ルシフェラーゼアッセイのためのレポータープラスミドの構築は以下にように行なった。マウスTRAPプロモーター (Reddy, S. V. et al. (1995) J Bone Miner Res 10, 601-606) の約1.8 kb KpnI - BglII断片を、PicaGeneルシフェラーゼレポータープラスミド, basic vector 2 (TOYO INK) の同じ部位に挿入して、レポータープラスミド pTRAP-lucを構築した。破骨細胞に特異的なマウスカルシトニン受容体プロモーター領域 (P3プロモーター) を、センス 5'-AAGATCTCAACACAACTCTTAACTGGACC-3' (配列番号:1) およびアンチセンス 5'-AAGCTTAATGTAAATGTAGATATAGC-3' (配列番号:2) プライマーを用いてPCRにより増幅した。もう一つのレポータープラスミド pCTR-lucは、461 bpのPCR断片をbasic vector 2のBglII - HindIII部位に挿入して構築した。NFATc1変異体 T552GおよびR485A/L486Aは、部位特異的変異導入法 (Sawano, A., and Miyawaki, A. (2000) Nucleic Acids Res 28, E78) により生成した。T552GおよびR485A/L486Aのためのプライマーは、それぞれ5'-TGAGGAAAGGGGAGGGAGATATCGGGAGGAAGAACACCAGGG-3' (配列番号:3) および 5'-TTGGGACGGCTGACGACGCCGCGCTGAGGCCTCACGCCTTCTACCAGG-3' (配列番号:4) である。FuGene 6 (Roche) を用いて293T細胞にトランスフェクトし、トランスフェクションの24時間後にルシフェラーゼ活性をアッセイした。全てのデータは平均±s.e. (n=6) で表した。
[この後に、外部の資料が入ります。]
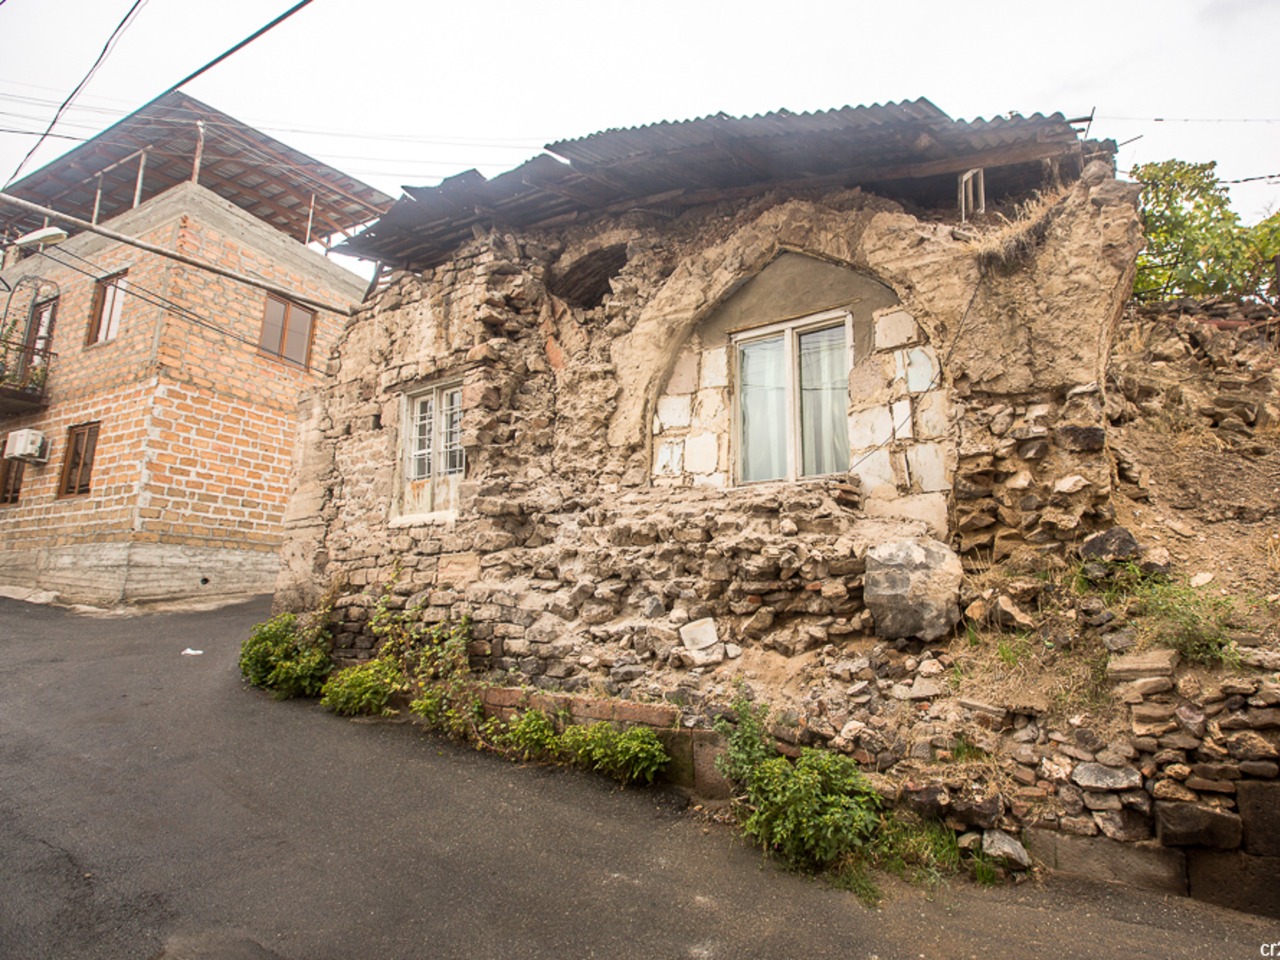 Променад в старейшем районе Еревана: Конд | Цена 98€, отзывы, описание экскурсии

TRAPは破骨細胞に対して厳密な特異性はないが、破骨細胞マーカーとして最も広く用いられており、RANKLにより最も高いアップレギュレートを受ける遺伝子の1つである (図1A)。一方カルシトニン受容体はむしろ破骨細胞に特異的で、その前駆細胞では発現しない。図13に示したように、NFATc1の過剰発現のみで両者のプロモーターは活性化されたが、この活性化は期待したほど強くなかった。T細胞活性化においては、IL-2プロモーター上で、NFATはAP-1と共動することがよく知られている (Chen, L. et al. (1998) Nature 392, 42-48; Macian, F. et al. (2000) Embo J 19, 4783-4795; Macian, F. et al. (2001) Oncogene 20, 2476-2489)。c-Fosは破骨細胞形成に必須のAP-1複合体成分であるので、このc-FosをNFATc1と共にコトランスフェクションした。興味深いことに、NFATc1とc-FosとのコトランスフェクションはTRAPプロモーターおよびカルシトニン受容体プロモーターの両者の顕著な活性化を誘導したが、c-Fosのみではこれらのプロモーターを僅かに活性化しただけであった (図13)。これらの結果は、これらの破骨細胞遺伝子において、NFATc1は、c-Fosを含むAP-1複合体と共動することを強く示唆している。NFAT:AP-1:DNA複合体の結晶構造に基づいて、AP-1との分子相互作用が障害されたNFAT変異体が報告されている (Chen, L. et al. (1998) Nature 392, 42-48; Macian, F. et al. (2000) Embo J 19, 4783-4795)。これと同様に、本発明者らは、それぞれc-Junおよびc-Fosとの結合部位に変異を導入することによって、AP-1と共動できないNFATc1変異体 NFATc1T552G および NFATc1R485A/L486A を構築した (図14)。期待したように、これらの変異NFATc1はc-Fosとの相乗的な共動によりこれら2つのプロモーターを活性化することができなかった (図13) ことから、AP-1は破骨細胞遺伝子を作動させる転写機構におけるNFATc1の必須のパートナーであることが示唆された。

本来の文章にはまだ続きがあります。